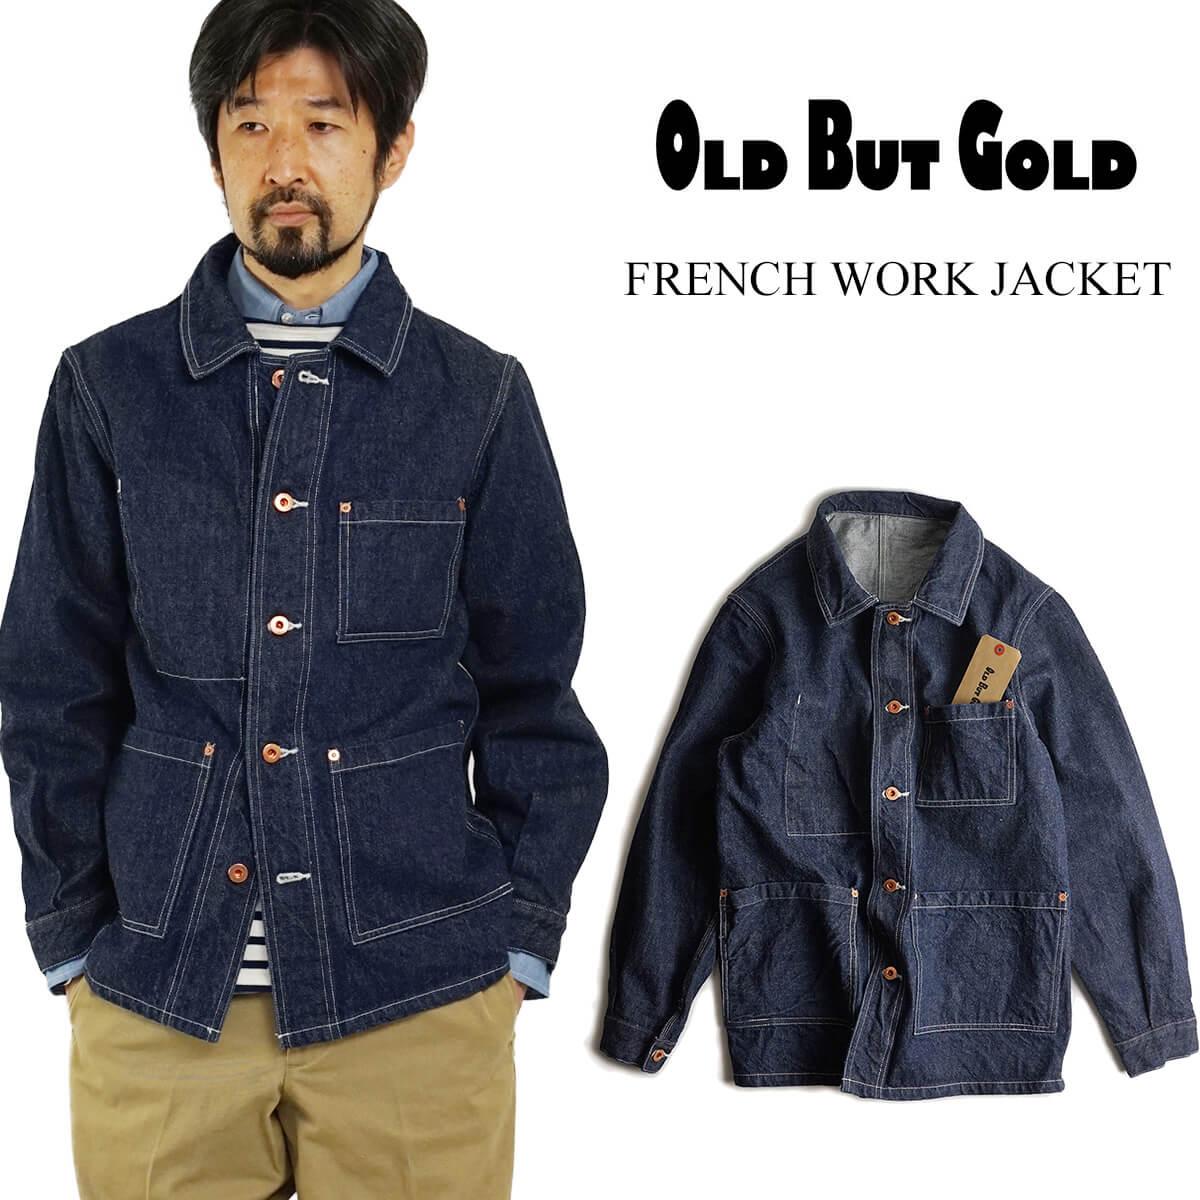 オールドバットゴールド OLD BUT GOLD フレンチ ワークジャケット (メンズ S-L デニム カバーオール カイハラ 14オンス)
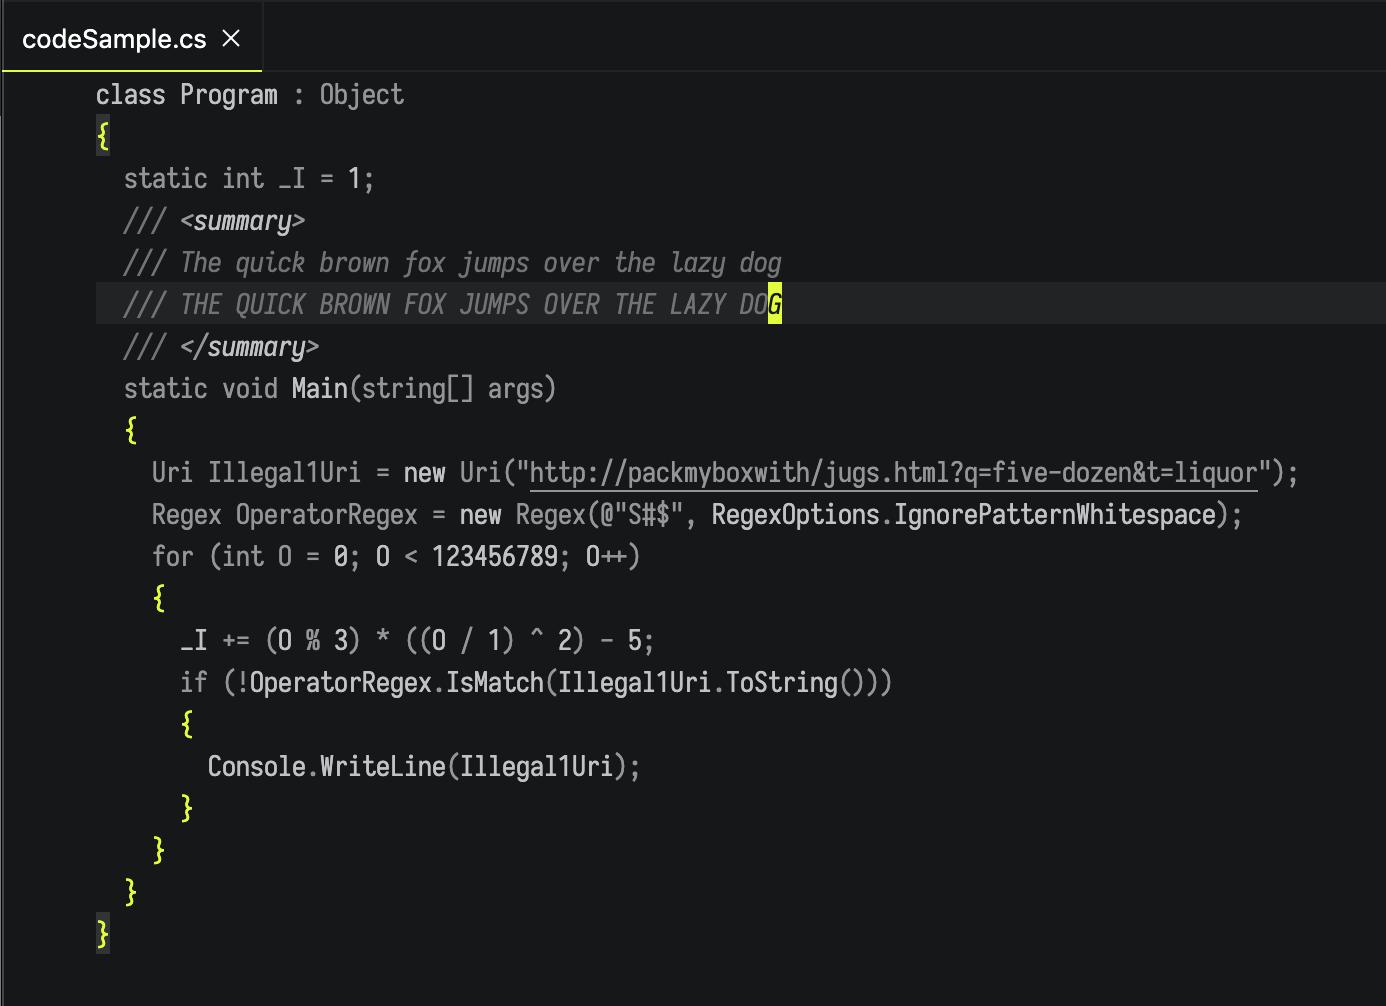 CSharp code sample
# # # # #
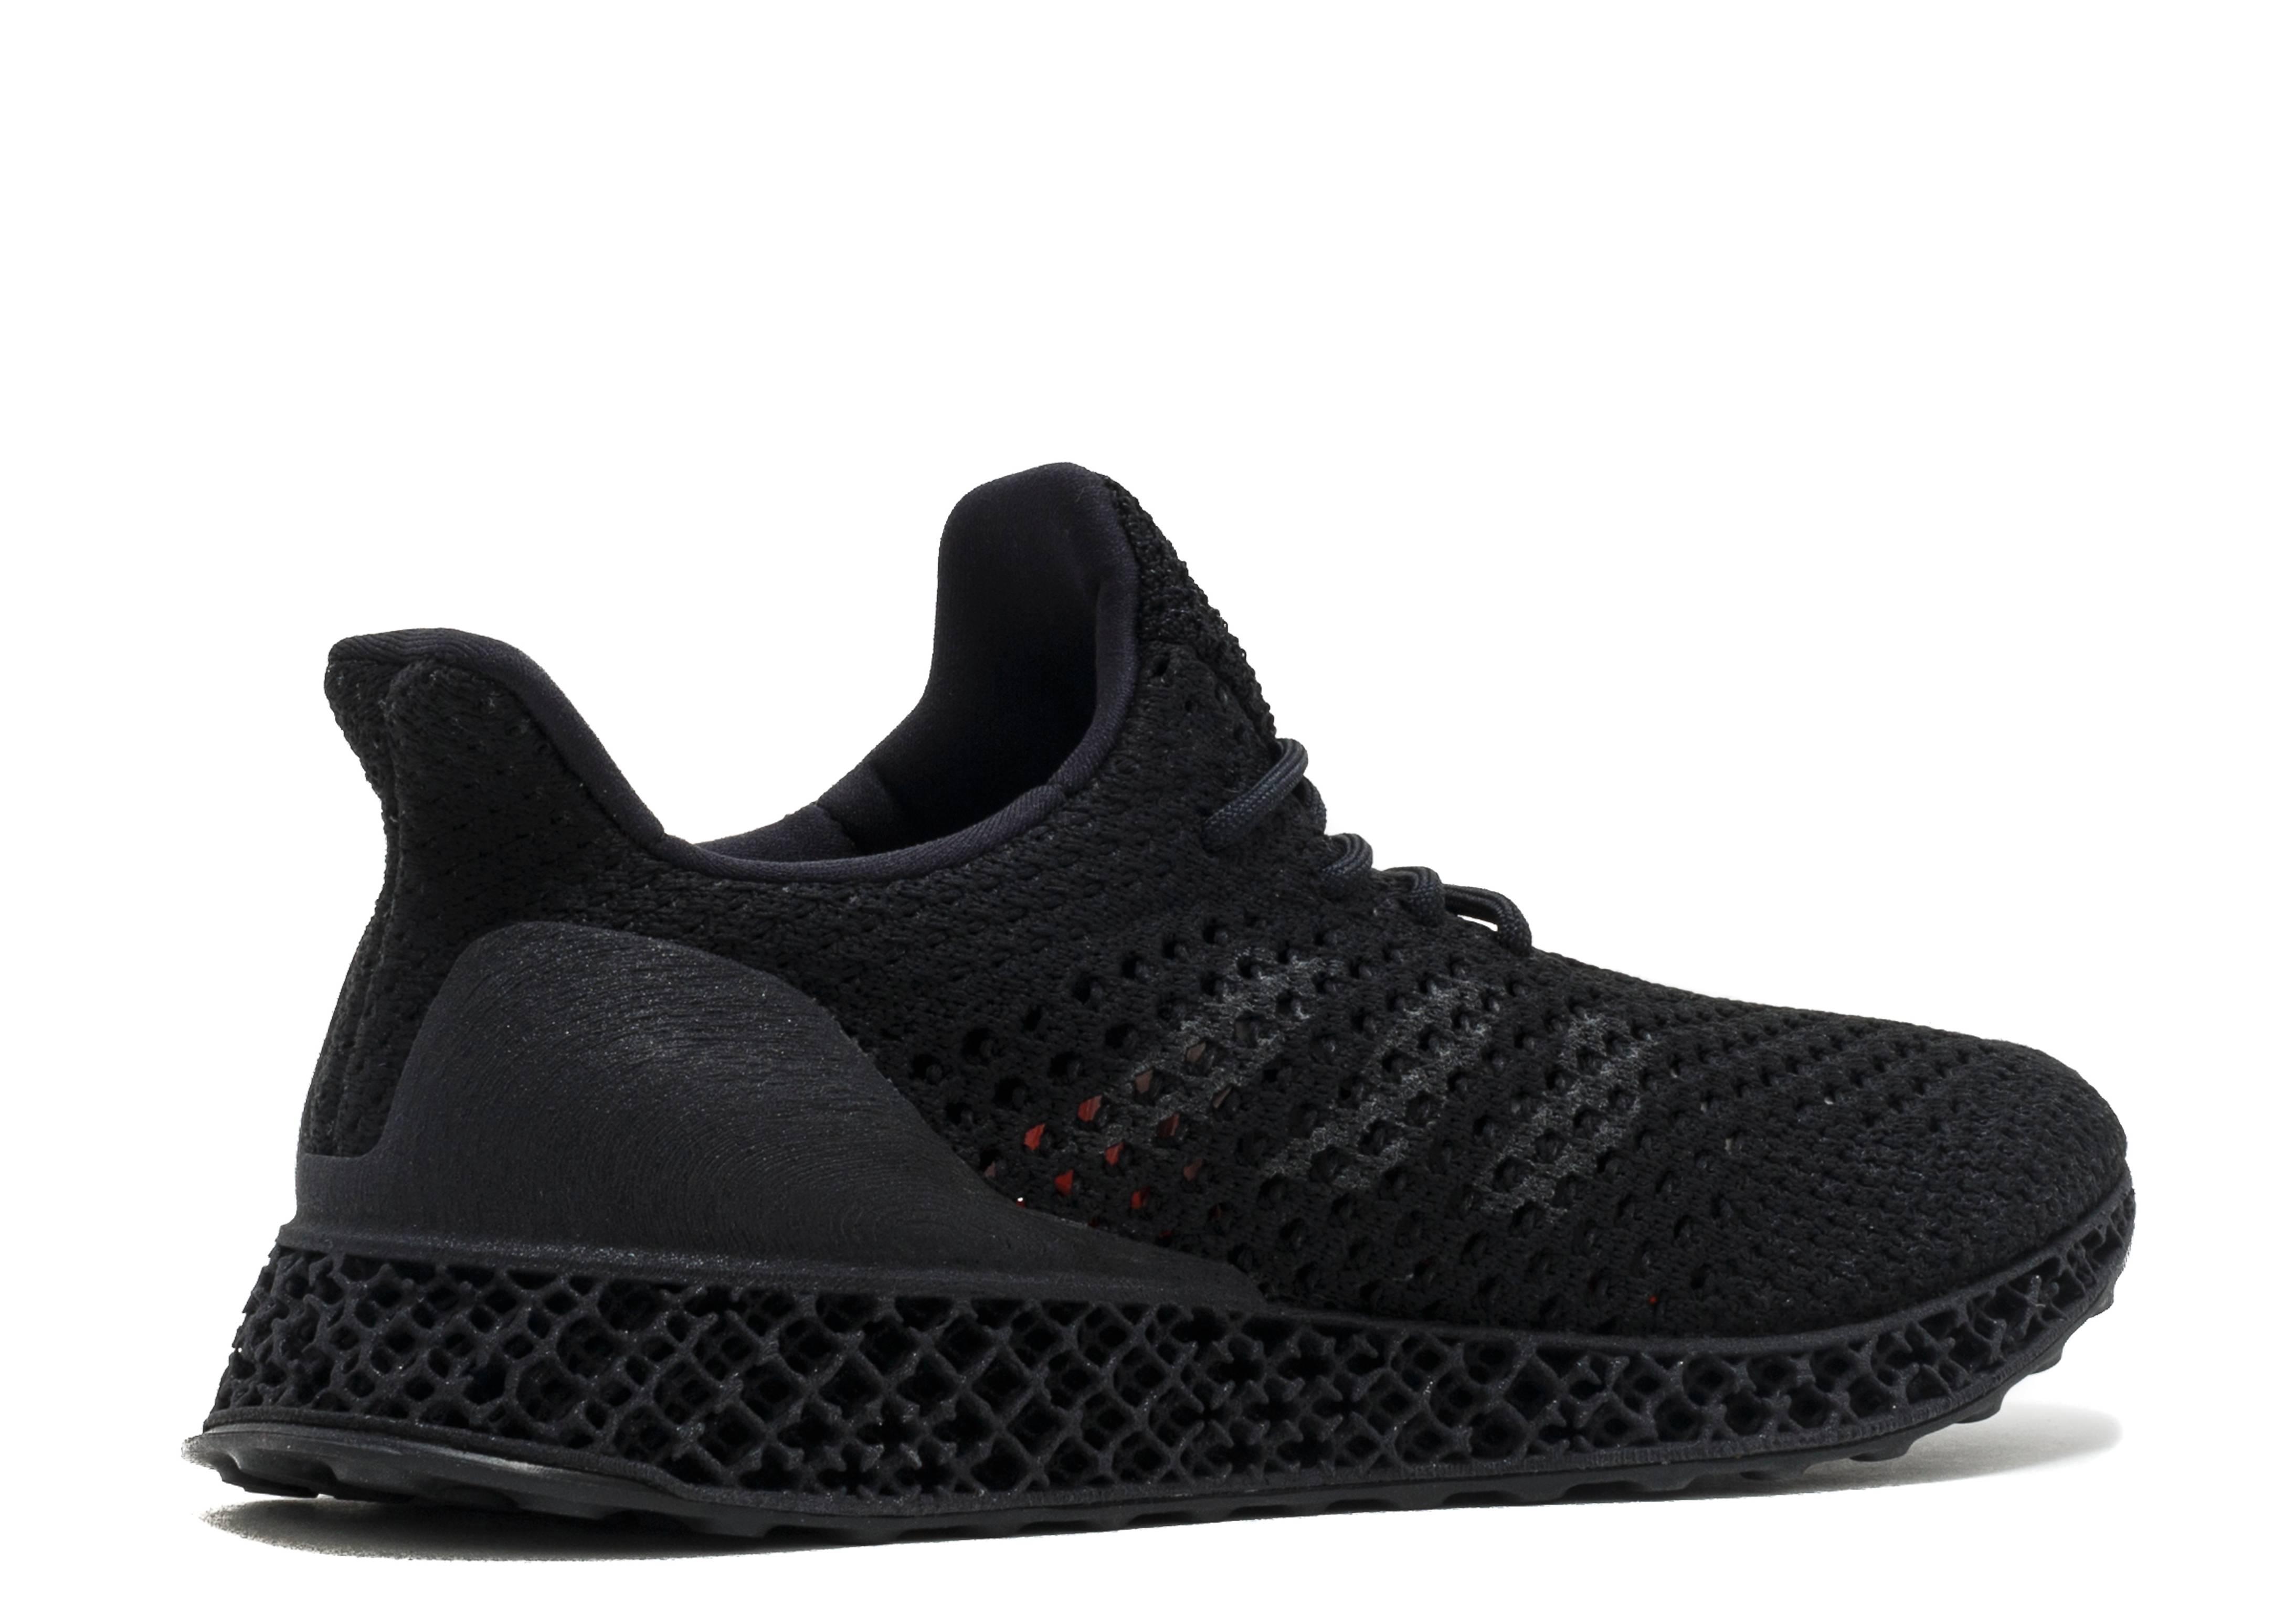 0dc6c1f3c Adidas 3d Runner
# # # # #
● Exercise brief
The lines to copy exactly start with the line above that has "オールドバットゴールド OLD BUT" and go on through the line that has "CSharp code sample"; please include both, add nothing else, and omit the pictures.

● Exercise solution
 オールドバットゴールド OLD BUT GOLD フレンチ ワークジャケット (メンズ S-L デニム カバーオール カイハラ 14オンス)
 CSharp code sample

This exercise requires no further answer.